I have just been invited to invest in an electric apparatus, to be installed upon the tree one sits in, when waiting over a "kill" for the return of the tiger. The difficulty at present is to see to shoot in the dark; and this invention enables you to press a button and flood the place with electric light. If then you are moderately quick, you can shoot the beast while he is blinking at the light, as easily as if it were day. You are as safe in the tree as in a bedroom and very nearly as comfortable on your platform. You can sleep there all night--four nights out of five at the least--when nothing happens. When the great night comes, that is to say, when the tiger comes, even then you need not lose more sleep than most passengers do in a sleeping carriage on a railway. The swing of the tree in the breeze and the rustling of the leaves make your platform a superlatively soothing bed; and as you lie back and look up at the drifting clouds, and the moon or the stars, you can feel you have the excitements of savage life, combined with all the comforts of Charing Cross; for at your side is a good fellow, willing, for a consideration, to keep watch for the tiger, better than you possibly could, and to watch you, too, and take care that, in waiting, you do not roll over on your back and snore, and finally wake you when it comes. What a dramatic whisper it is in your ear--"Tiger come! Tiger come!" Nothing in any theatre can equal it! Do not be in too big a hurry to fire. There is no need to hurry, if you take care to make no noise at all, and it is well to take time to waken thoroughly, so as to aim your best. If then you fire and kill, you are contented for an hour or two. There might then even be a little danger for you, if you had made a bargain with the Devil like Faust's (see Goethe's text, Scene IV)--

"If e'er you find me quite content, And bidding time stand still, To Hell you then can have me sent, And bind me as you will!"

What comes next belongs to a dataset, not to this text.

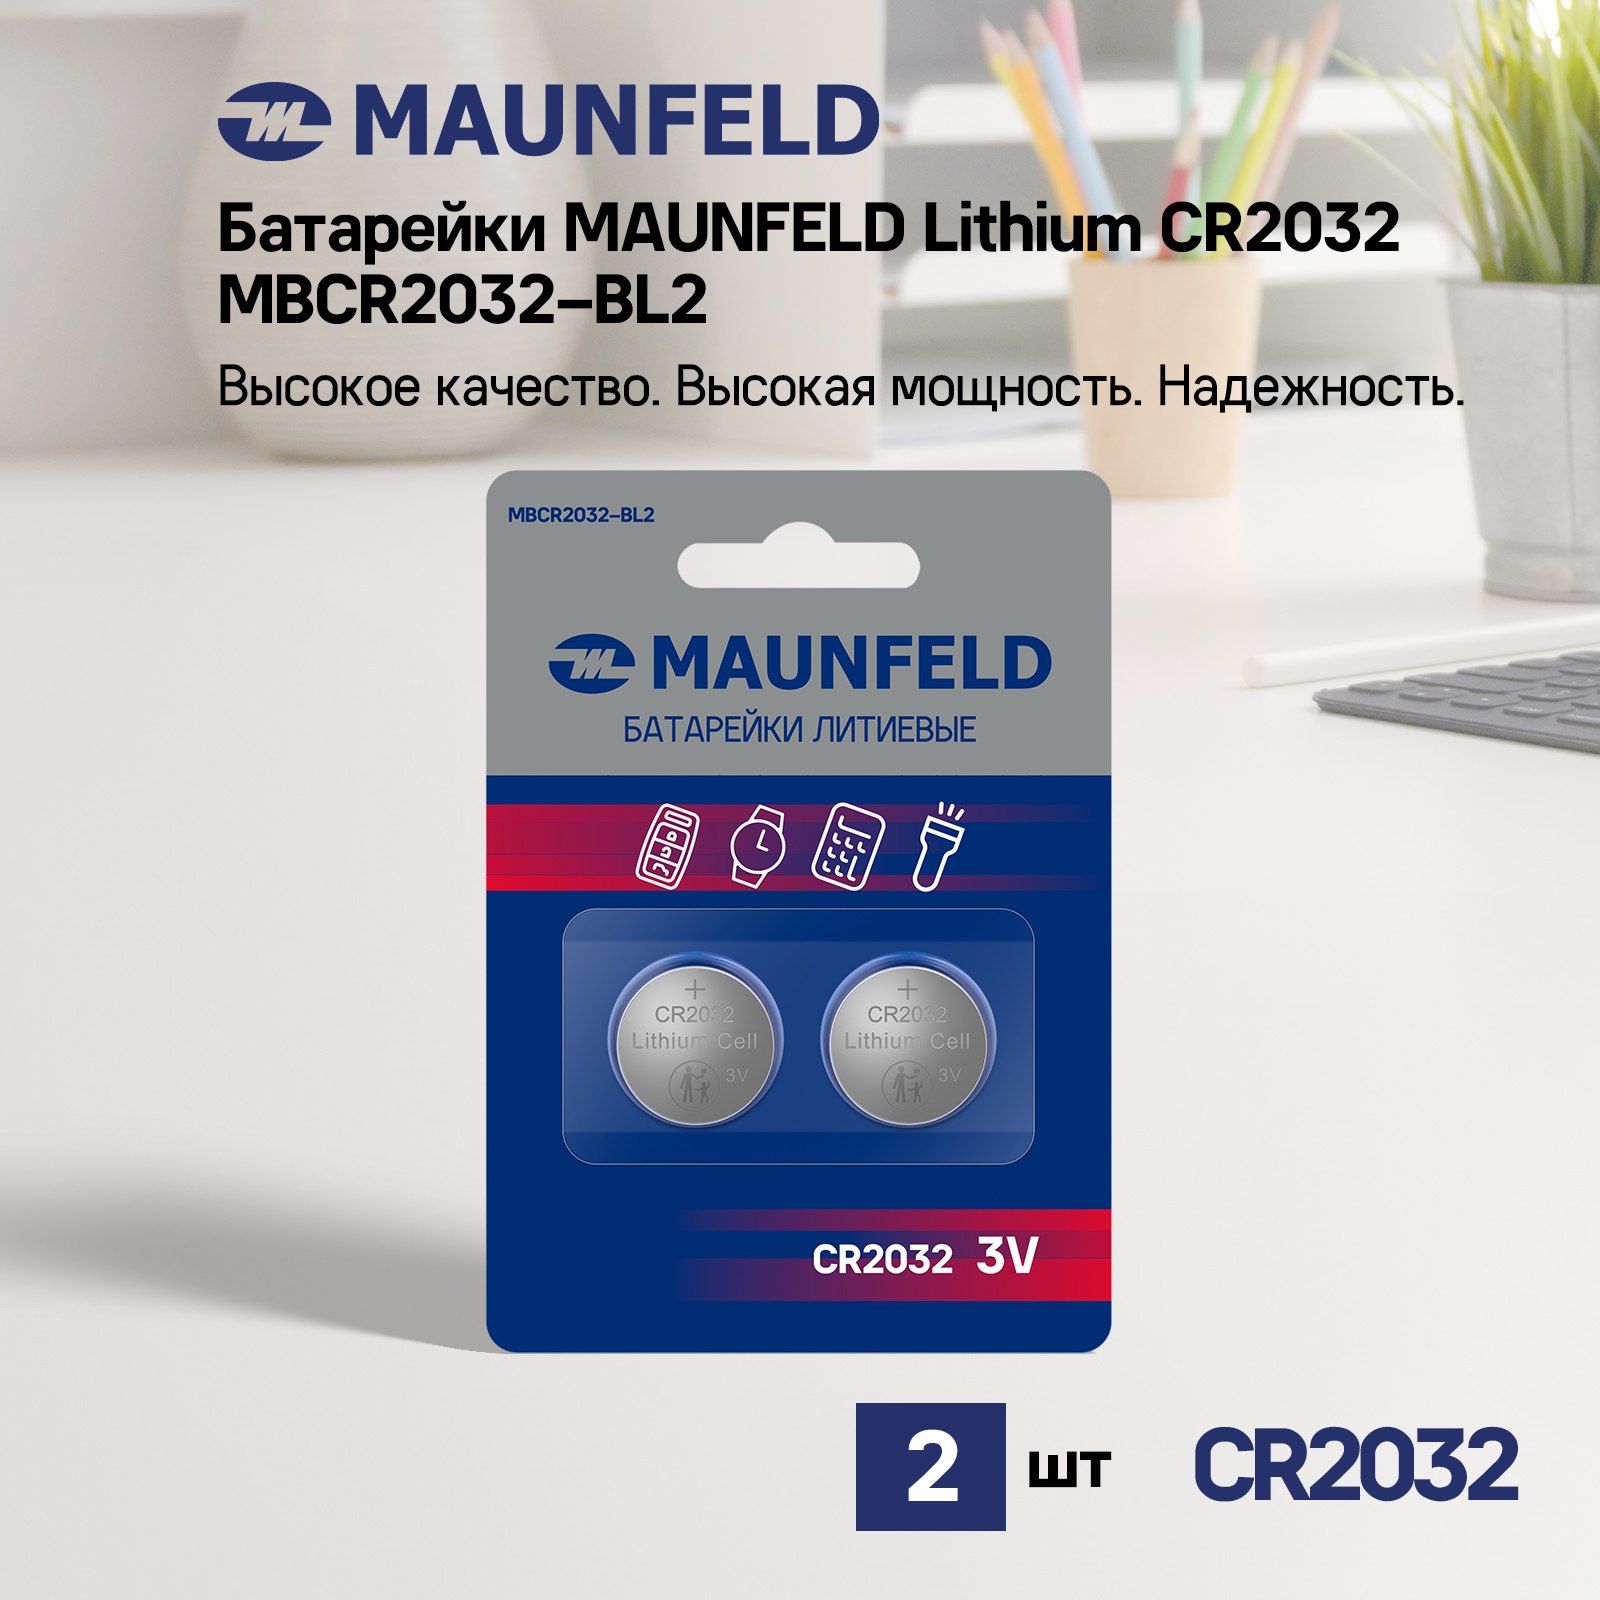 Батарейки MAUNFELD Lithium CR2032 MBCR2032-BL2, блистер 2 шт. мясорубка maunfeld mmg 3000s

But even in that case, the danger would be momentary. "Another" and "another" you would want; and the Devil himself could not provide them--at any rate in Burma, where the many ineffectual days and nights become intolerable, unless you have something else to do as well.

Accordingly it is the Forest officers, whose work is in the woods, who can hunt to most advantage. There was one I knew who killed many scores of tigers, mostly by "sitting up over a kill," in the manner described. I doubt if he knew the exact figure himself. It must have been over a hundred. Besides the tigers, the same man killed perhaps every kind of wild beast in the Burman forests, except only the big ape.